In this week’s January list of events in architecture and history in Chicago, we highlight an exhibit of found and archival photography from around the world, a screening of amateur and industrial Chicago films, and a conversation on social issues in postwar Chicago.
1. Archive State, Museum of Contemporary Photography
PANEL DISCUSSION – Tuesday, January 28th – 6pm – free
Museum of Contemporary Photography, 600 S. Michigan Ave
In collaboration with the Italian Culture Institute of Chicago, the MoCP presents “Archive State,” where artists use found photographic materials and videos to investigate significant political and economic transitions specific to particular places. This panel discussion will include exhibiting artists Arianna Arcara and Luca Santese, artist Dawoud Bey, and curator and writer Hamza Walker. Moderated by MoCP director and exhibition curator Natasha Egan, participants will discuss ethical issues related to artists using found materials, including potentially sensitive images and documents, in the creation of their work.
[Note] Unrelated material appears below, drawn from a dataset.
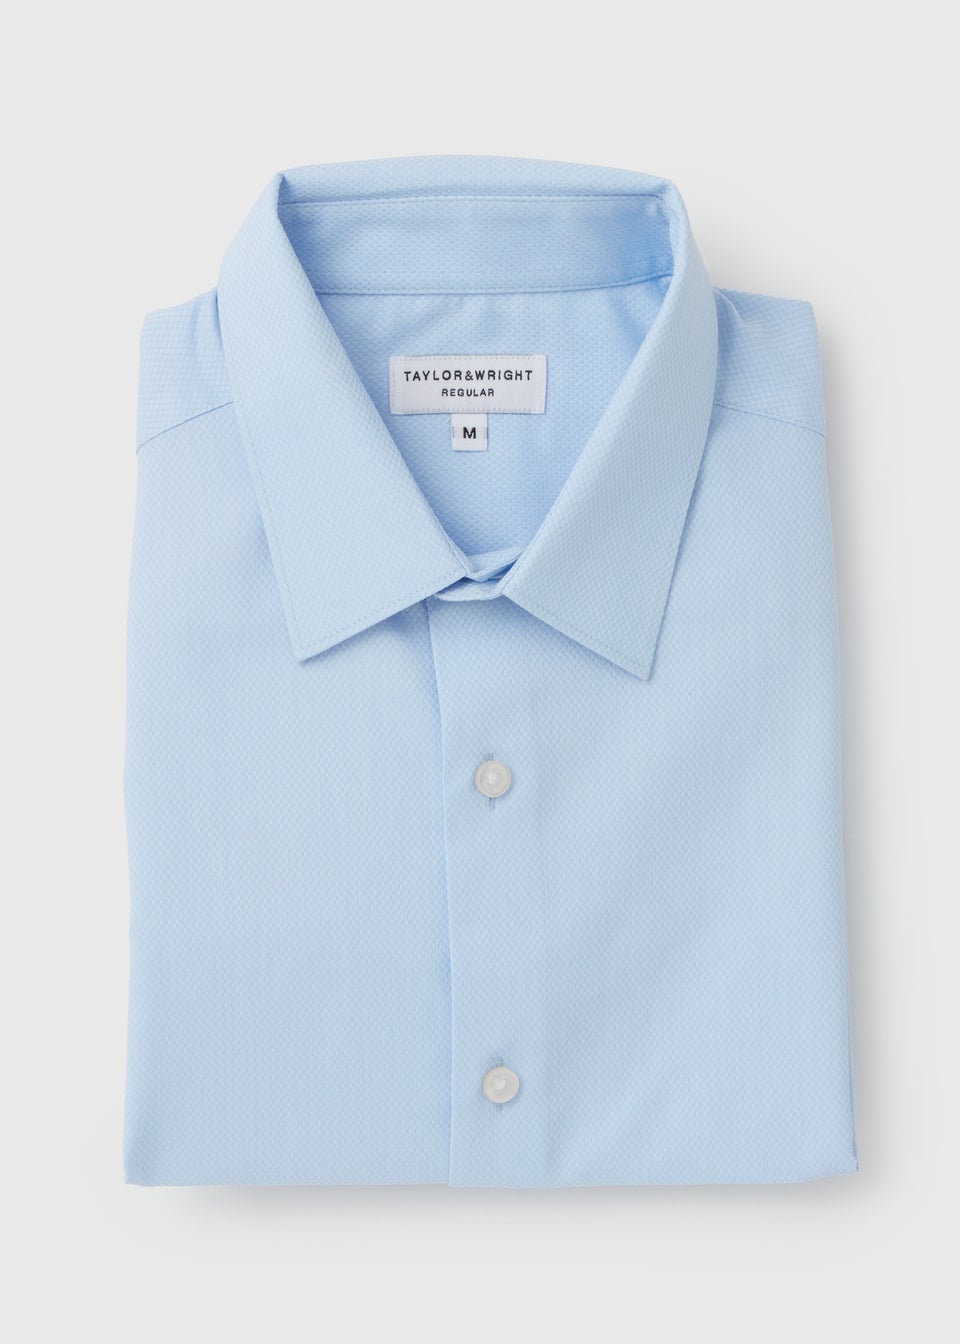 Taylor & Wright Blue Textured Formal Shirt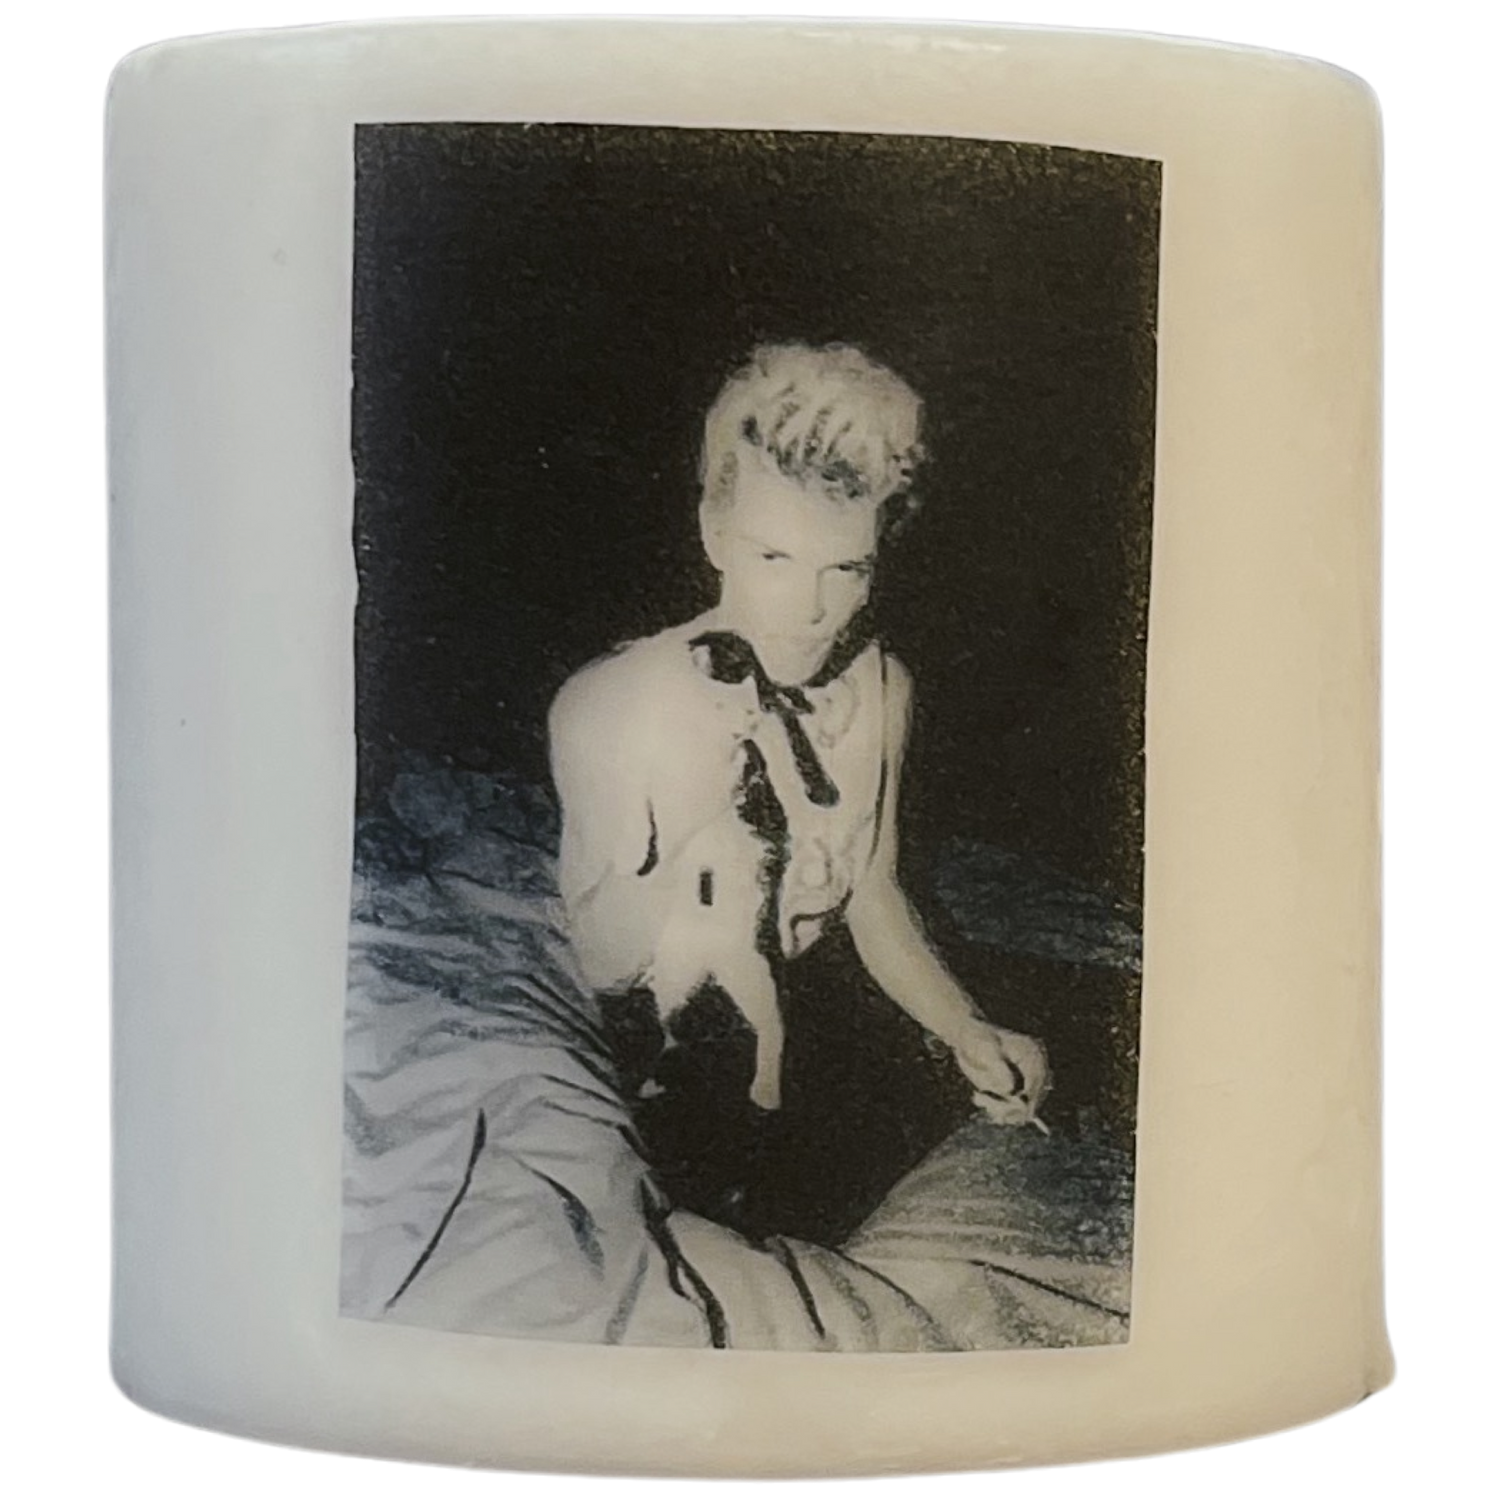 BILLY IDOL Collectors Candle - DRENCHEDskin®

2. Stress/De-Stress, MCA Live CANCELLED DUE TO EXTREME WEATHER
FILM SCREENING – Tuesday, January 28th – 6pm-8pm – free Rescheduled for Sunday, March 23rd – 3pm-5pm
Museum of Contemporary Art, 220 East Chicago Avenue
In collaboration with Chicago Film Archives and Nightingale Cinema, the MCA presents Stress / De-Stress, a night of “expanded cinema and guided meditation.” Amateur and industrial films come alive through a three projector performance set to a live reading by Chicago-based writers Mairead Case and Ed Crouse, and the music of Joshua Dumas. Unlikely pairings of images from unexpected places create a relaxing environment to sit back and be guided by the words of Case and Crouse. I’m sure we could all use an evening of de-stressing.
3. Public Housing, Urban Politics, and Reform in Postwar Chicago, Milwaukee, Newberry Library
AUTHOR PRESENTATION – Thursday, January 30 – 4pm – free
Newberry Library, 60 W Walton St (Ruggles Hall)
Historians Eric Fure-Slocum and D. Bradford Hunt will use their recent publications to discuss race, urban politics, urban policy, public housing, and working-class identities in mid-twentieth century America.
Hunt’s award-winning Blueprint for Disaster: The Unraveling of Chicago’s Public Housing traces public housing’s history in Chicago with a chronicle of the Chicago Housing Authority’s transformation from the city’s most progressive government agency to its largest slumlord. Fure-Slocum’s recently published Contesting the Postwar City: Working-Class and Growth Politics in 1940s Milwaukee examines how these conflicts forged the postwar city and laid a foundation for a neoliberal metropolis. Leon Fink, distinguished Professor of History at the University of Illinois at Chicago, will moderate.